>>>>>

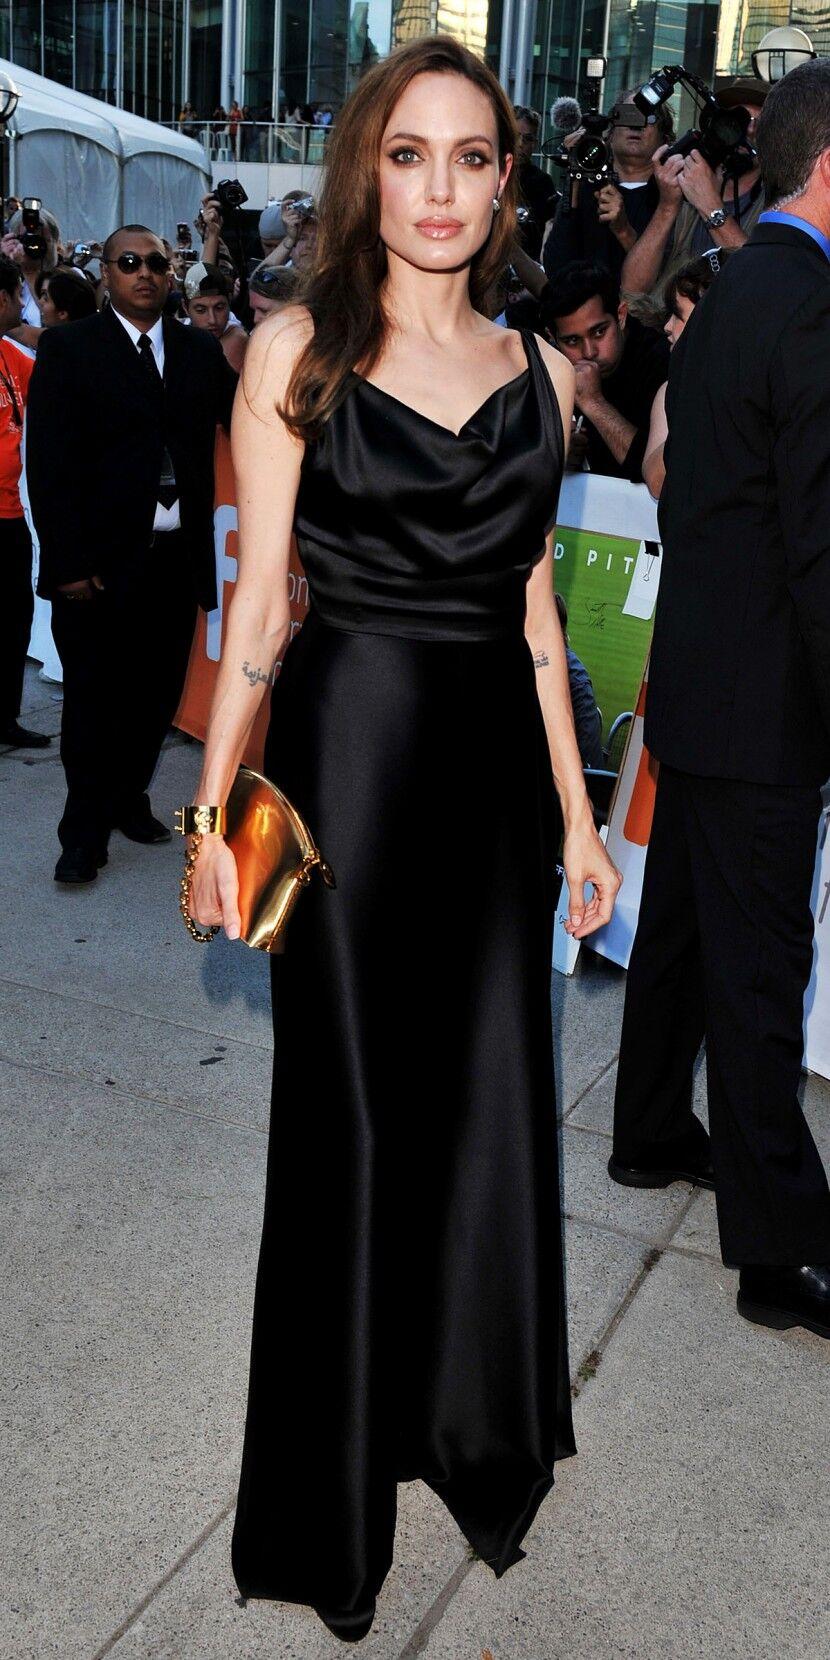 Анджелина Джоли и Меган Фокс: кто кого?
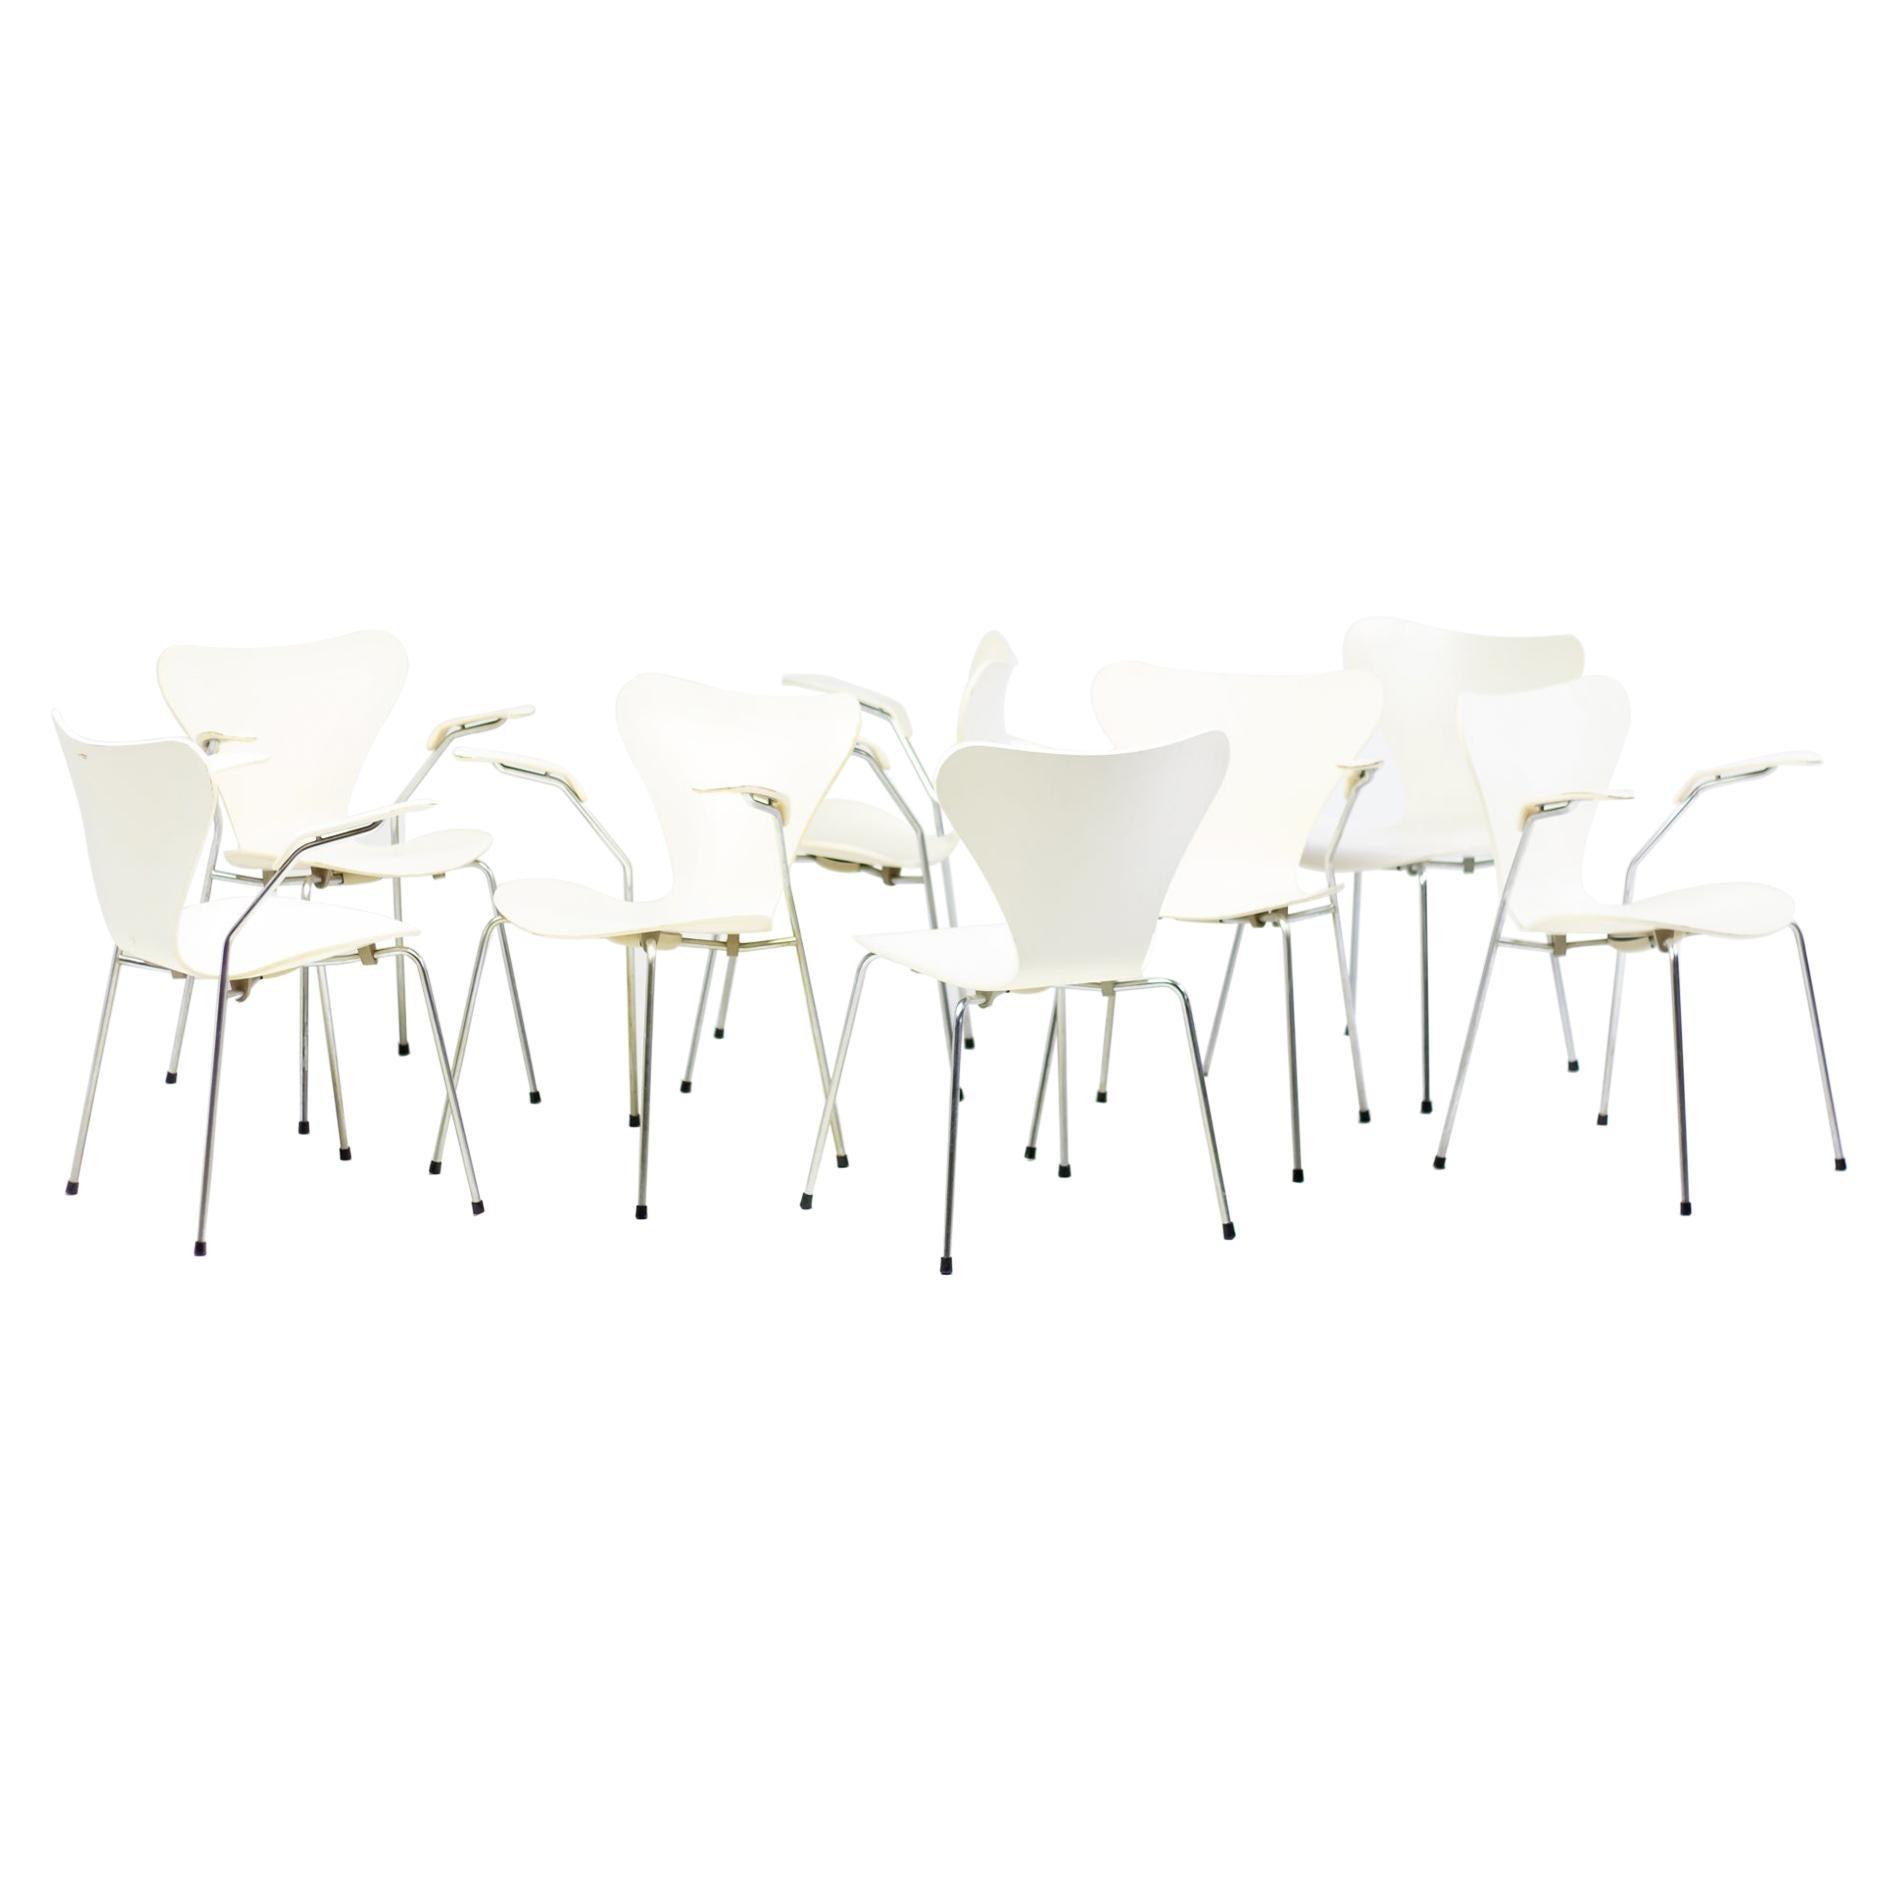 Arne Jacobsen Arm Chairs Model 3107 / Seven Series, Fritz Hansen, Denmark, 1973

<<<<<
>>>>>

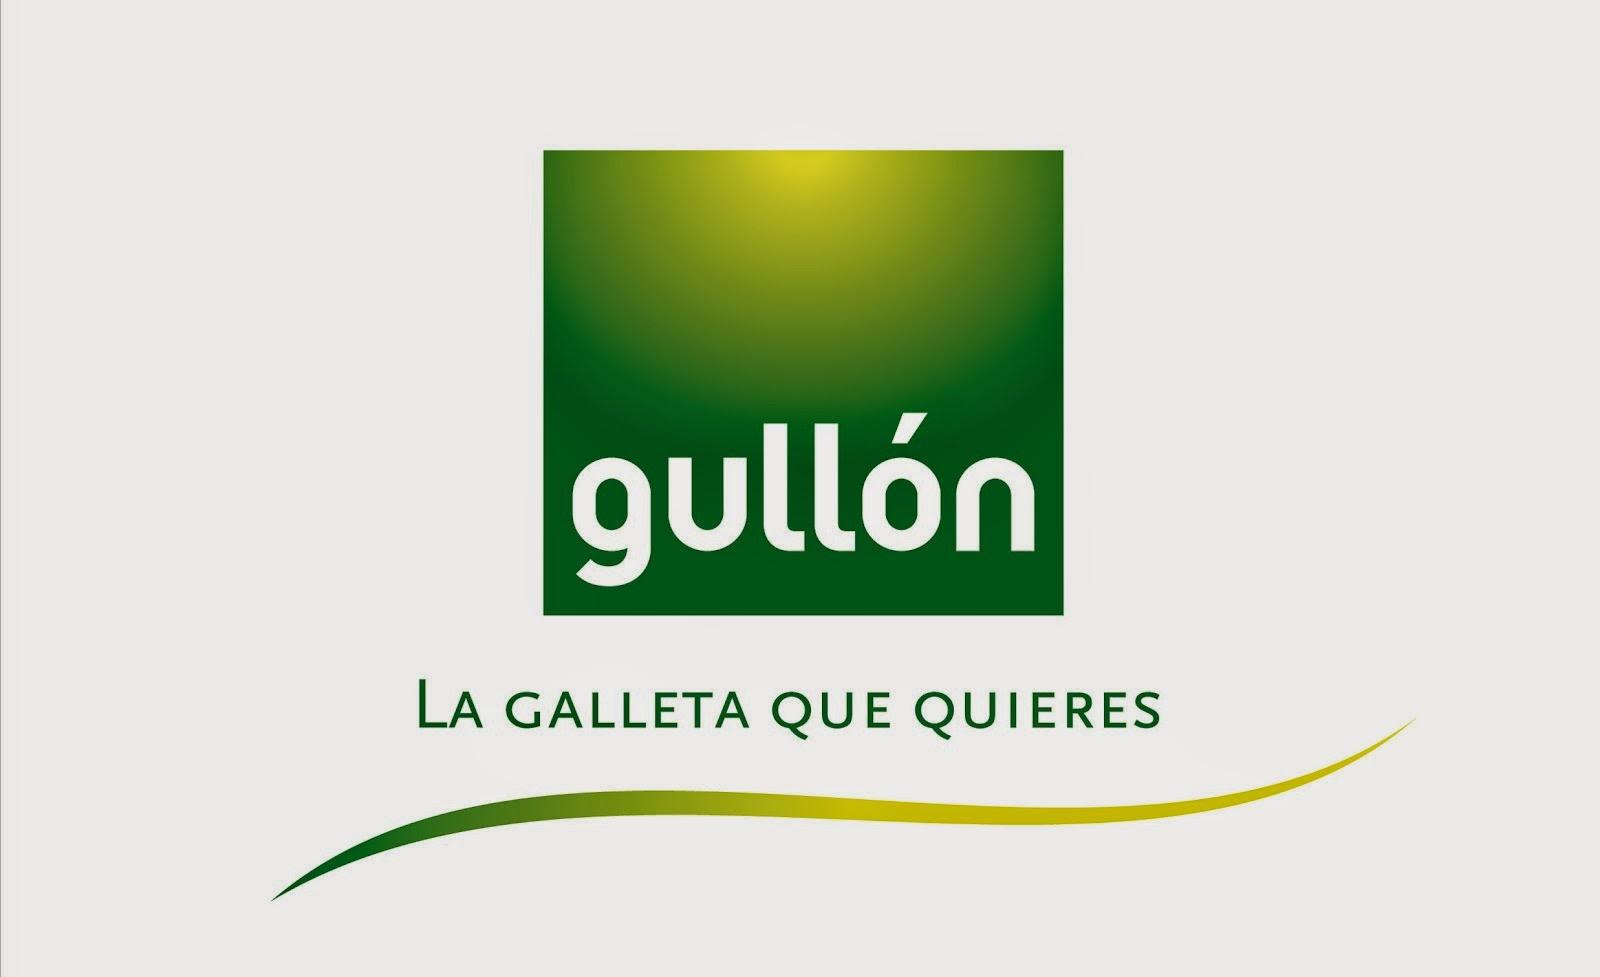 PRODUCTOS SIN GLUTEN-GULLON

<<<<<

Repeat, without pictures, exactly the lines of the data above from the one containing "Анджелина Джоли и Меган Фокс: кто кого?" through the one containing "Arne Jacobsen Arm", including both and adding nothing.

 Анджелина Джоли и Меган Фокс: кто кого?
 Arne Jacobsen Arm Chairs Model 3107 / Seven Series, Fritz Hansen, Denmark, 1973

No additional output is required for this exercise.